Nothing in this section contained, nor any action taken by any city or by any city attorney pursuant to the provisions of this section, shall be construed to impose any liability, either for costs, damages or otherwise, upon such city or city attorney.
History: 1991 a. 316
The calendar year shall be the fiscal year.
Annually on or before October 1, each officer or department shall file with the city clerk an itemized statement of disbursements made to carry out the powers and duties of the officer or department during the preceding fiscal year, a detailed statement of the receipts and disbursements on account of any special fund under the supervision of the officer or department during the year and of the condition and management of the fund and detailed estimates of the same matters for the current fiscal year and for the ensuing fiscal year.
The city treasurer shall keep separate all special funds, and the city clerk shall keep a separate account with the general fund for each officer or department through which disbursements are made from the general fund to carry out the powers and duties of such officer or department. The council shall examine and adjust the accounts of the clerk, treasurer and all other officers or agents of the city after the same shall have been audited by the comptroller.
(5) License moneys.
Moneys received for licenses may be used for such purpose as the council shall direct in the absence of specific appropriation by law.
(6) Funds; appropriations; debts. 62.12(6)(a)

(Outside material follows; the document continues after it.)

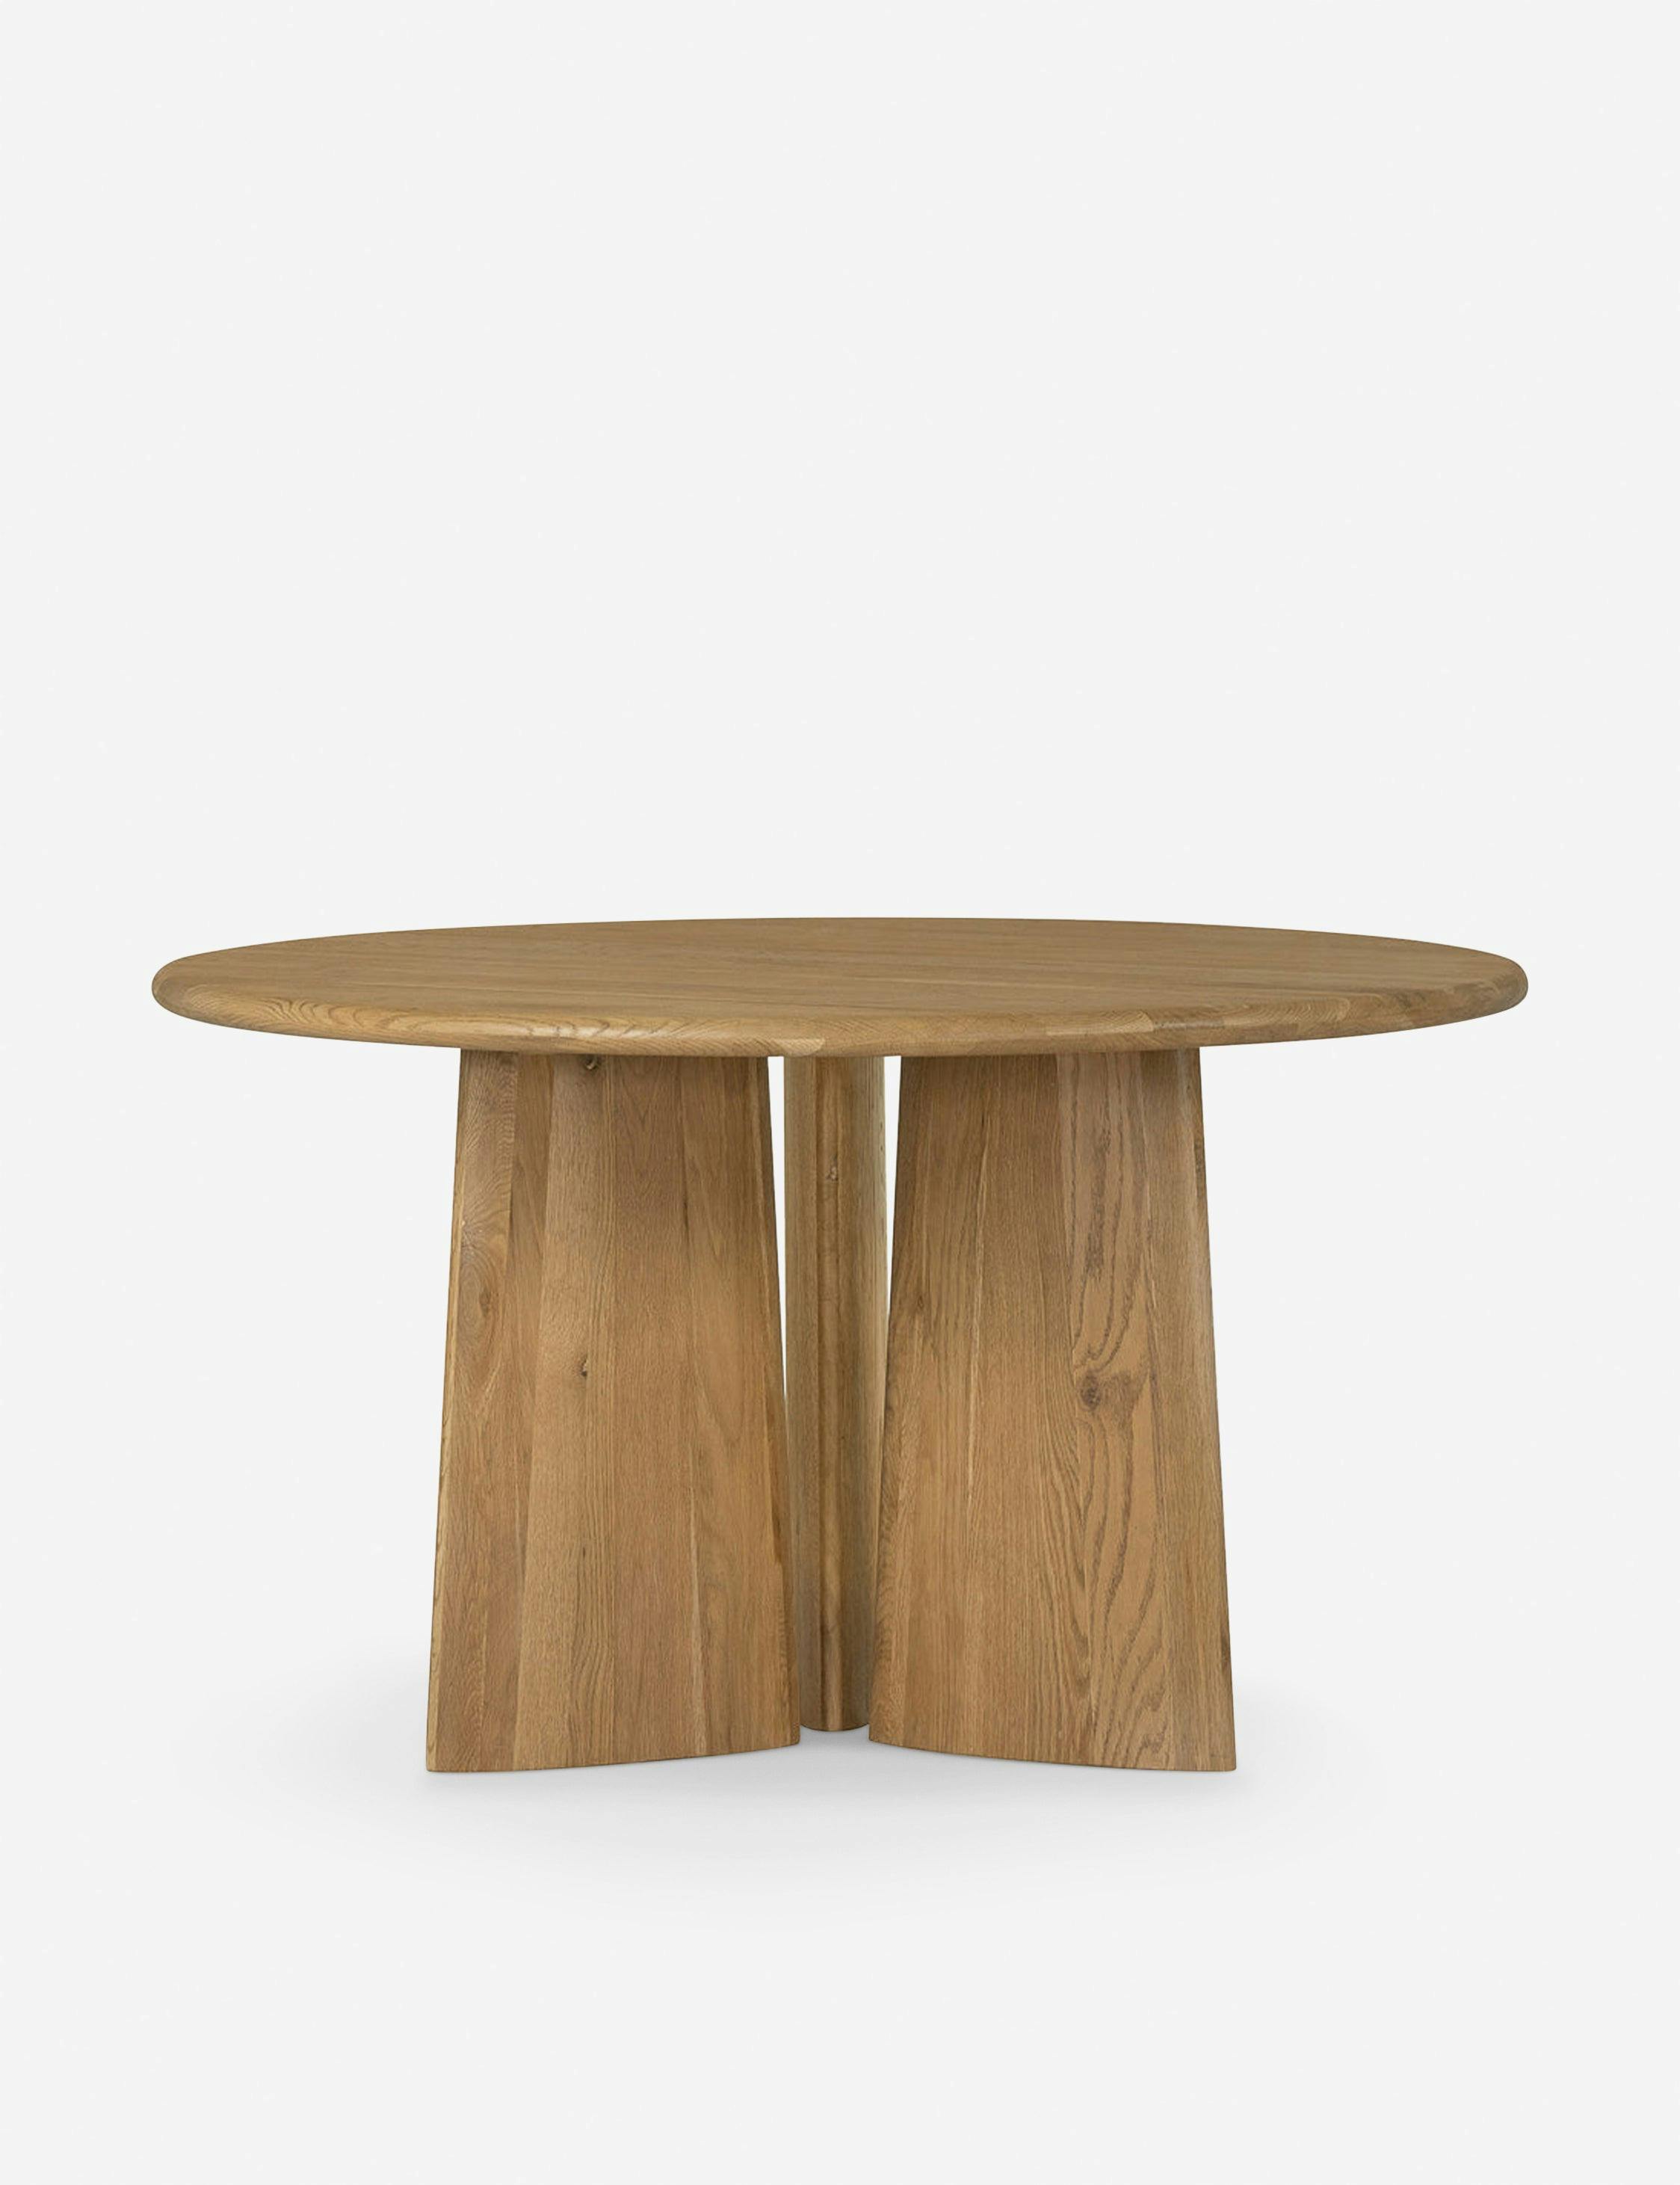 Contemporary Natural Oak Round Dining Table - 52"

Unless otherwise provided by law city funds shall be paid out only by authority of the council. Such payment shall be made in the manner provided by s. 66.0607
The council shall not appropriate nor the treasurer pay out:
Funds appropriated by law to a special purpose except for that purpose;
Funds for any purpose not authorized by the statutes; nor
Funds from any fund in excess of the moneys therein.
No debt shall be contracted against the city nor evidence thereof given unless authorized by a majority vote of all the members of the council.
(7) City depositories.
The council shall designate the public depository or depositories within this state with which city funds shall be deposited, and when the money is deposited in such depository in the name of the city, the treasurer and bondsmen shall not be liable for such losses as are defined by s. 34.01 (2)
. The interest arising therefrom shall be paid into the city treasury.